В жизни чувств описательная психология находит самый глубокий и живой объект. «Тут мы видим перед собой подлинный центр душевной жизни. Поэзия всех времен находит здесь свои объекты. Интересы человечества постоянно обращены в сторону жизни чувств. Счастье и несчастье человеческого существования находятся в зависимости от нее, поэтому-то психология XVII в., глубокомысленно направившая свое внимание на содержание душевной жизни, и сосредоточилась на учении о чувственных состояниях — ибо это и были ее аффекты» (В. Дильтей, 1924, с. 56).


В. Дильтей исходит из того, что чувственные состояния настолько же упорно противостоят расчленению, насколько они важны и центральны. Наши чувства по большей части сливаются в общие состояния, в которых отдельные составные части уже неразличимы. Наши чувства, как и побуждения, не могут быть произвольно воспроизведены или доведены до сознания. Возобновлять душевные состояния мы можем только так, что экспериментально вызываем в сознании те условия, при которых соответствующие состояния возникают. «Из этого следует, что наши определения душевных состояний не расчленяют их содержания, а лишь указывают на условия, при которых наступают данные душевные состояния. Такова природа всех определений душевных состояний у Спинозы и Гоббса. Поэтому нам надлежит прежде всего усовершенствовать методы этих мыслителей. Определение, точная номенклатура и классификация составляют первую задачу описательной психологии в этой области. Правда, в изучении выразительных движений и символов представлений для душевных состояний открываются новые вспомогательные средства: в особенности сравнительный метод, вводящий более простые отношения в чувства и побуждения животных и первобытных народов, позволяет выйти из пределов антропологии XVII в. Но даже


УЧЕНИЕ ОБ ЭМОЦИЯХ


применение этих вспомогательных средств не дает прочных точек опоры для объяснительного метода, стремящегося вывести явления данной области из ограниченного числа однозначно определяемых элементов» (там же, с. 57).

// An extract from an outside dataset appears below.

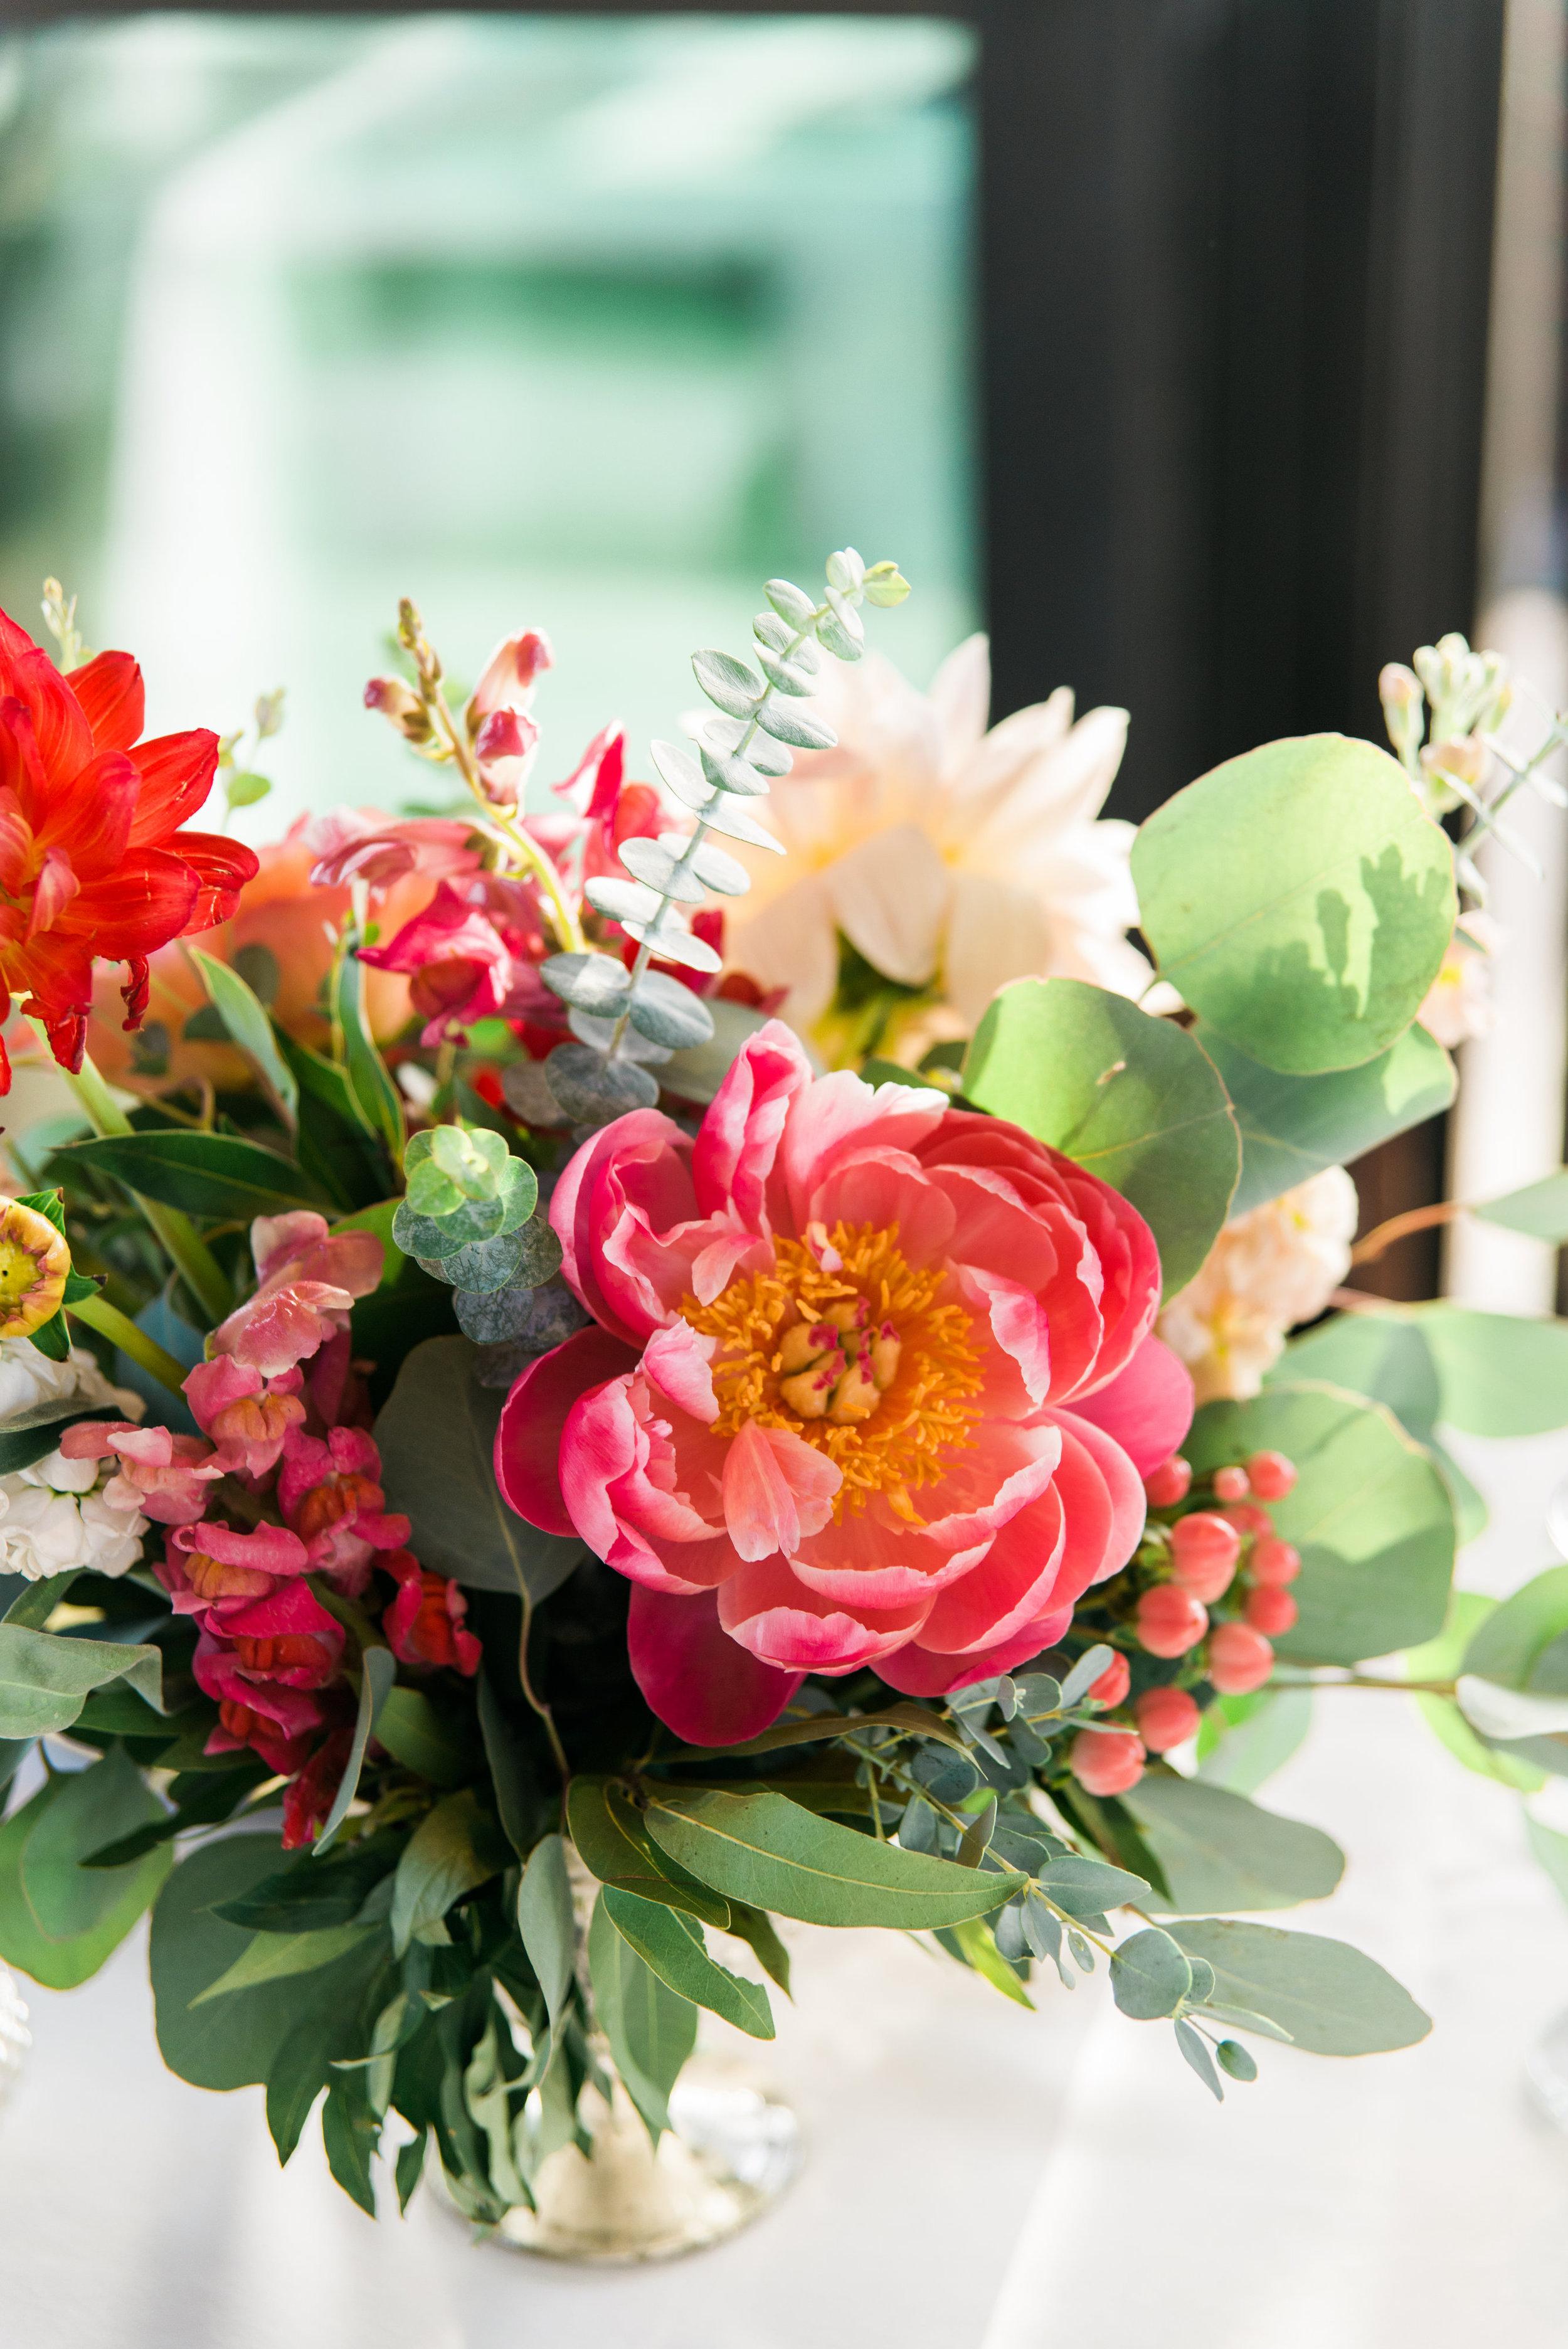 wedding flowers, pink wedding flowers, orange wedding flowers, red wedding flowers, peach wedding flowers, garden wedding flowers

Здесь Дильтеи допускает логически никак не оправдываемое смешение трех положений, которые совпадают в практических выводах, но которые с теоретической стороны не только не могут быть объединены, но, напротив, представляют самый яркий образец внутренне противоречивой анекдотической логики. Во-первых, он устанавливает, что фактические попытки объяснения жизни наших чувств находятся между собой в состоянии борьбы, выхода из которой решительно не предвидится. Уже основные вопросы об отношении чувств к побуждениям и воле и об отношении качественных чувственных состояний к сливающимся с ними представлениям не допускают убедительного решения. Таким образом, объяснительная психология чувств оказывается фактически несостоятельной и еще не осуществленной на деле.